▲ The buses certainly add some color to Jeju's roads. Photo courtesy Jeju Tourism Association
Jeju Golden Bus City Tourmade its first ever departure from Jeju Welcome Center on Tuesday Nov. 11 in an attempt to improve tourist bus services on the island. Twelve departures per day will leave Shin Jeju, stopping at 22 tourist sites, hotels and transport hubs across Jeju City.
To woo the Chinese, who are expected to comprise 80 percent of the passengers, the Hyundai buses are golden, as is the clothing of the driver and guide. The guides travel on the buses with passengers and all four (one per bus) are said to handle basic English, while three also speak in Japanese and the other Chinese.
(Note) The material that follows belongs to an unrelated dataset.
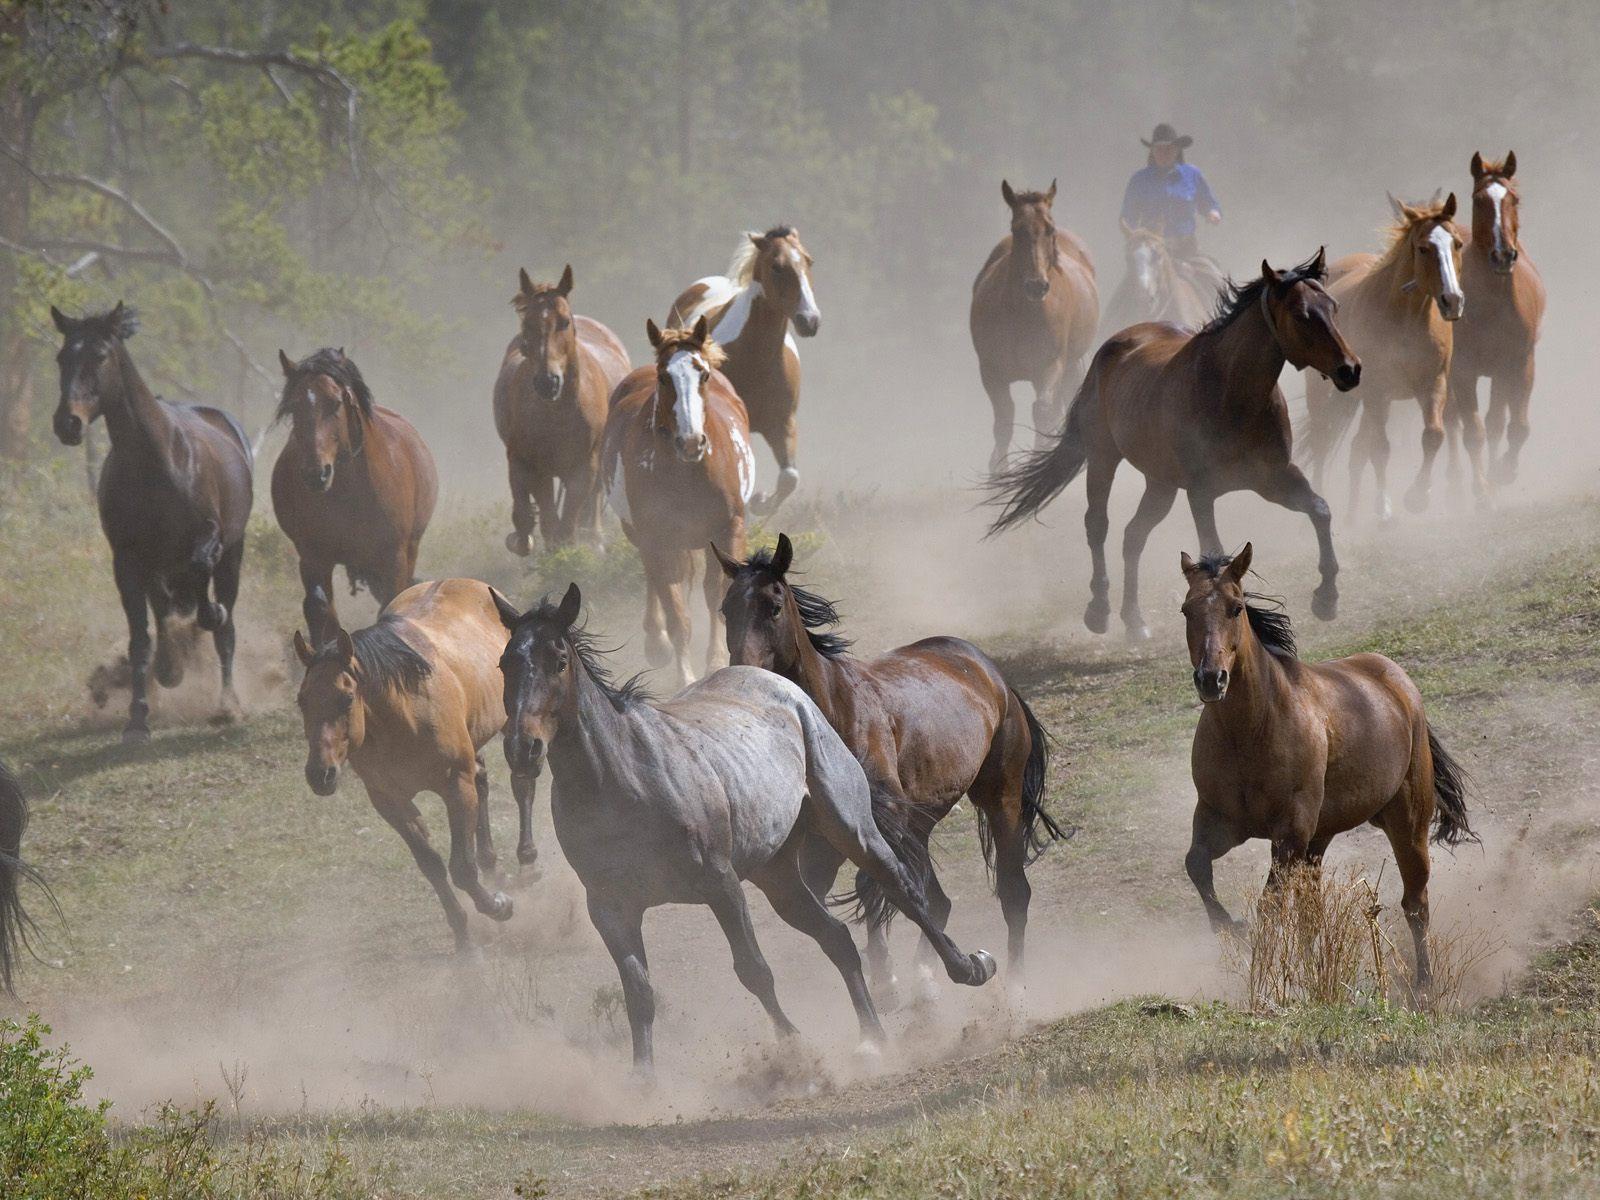 Japan Running Horses Wallpapers for Desktop Backgrounds 1600x1200

Aside from the guides, each seat has a personal audio set with introductions to each of the bus stops in four languages. The televisions overhead should also provide visual guides, although these had not yet been installed on the day of my trip.
The bus itself was extremely comfortable and the driver and guide were both extremely personable, although with only basic English. After reverting to Korean, we really got on well for the short trip and I think this will make the bus more attractive to Chinese and Japanese passengers.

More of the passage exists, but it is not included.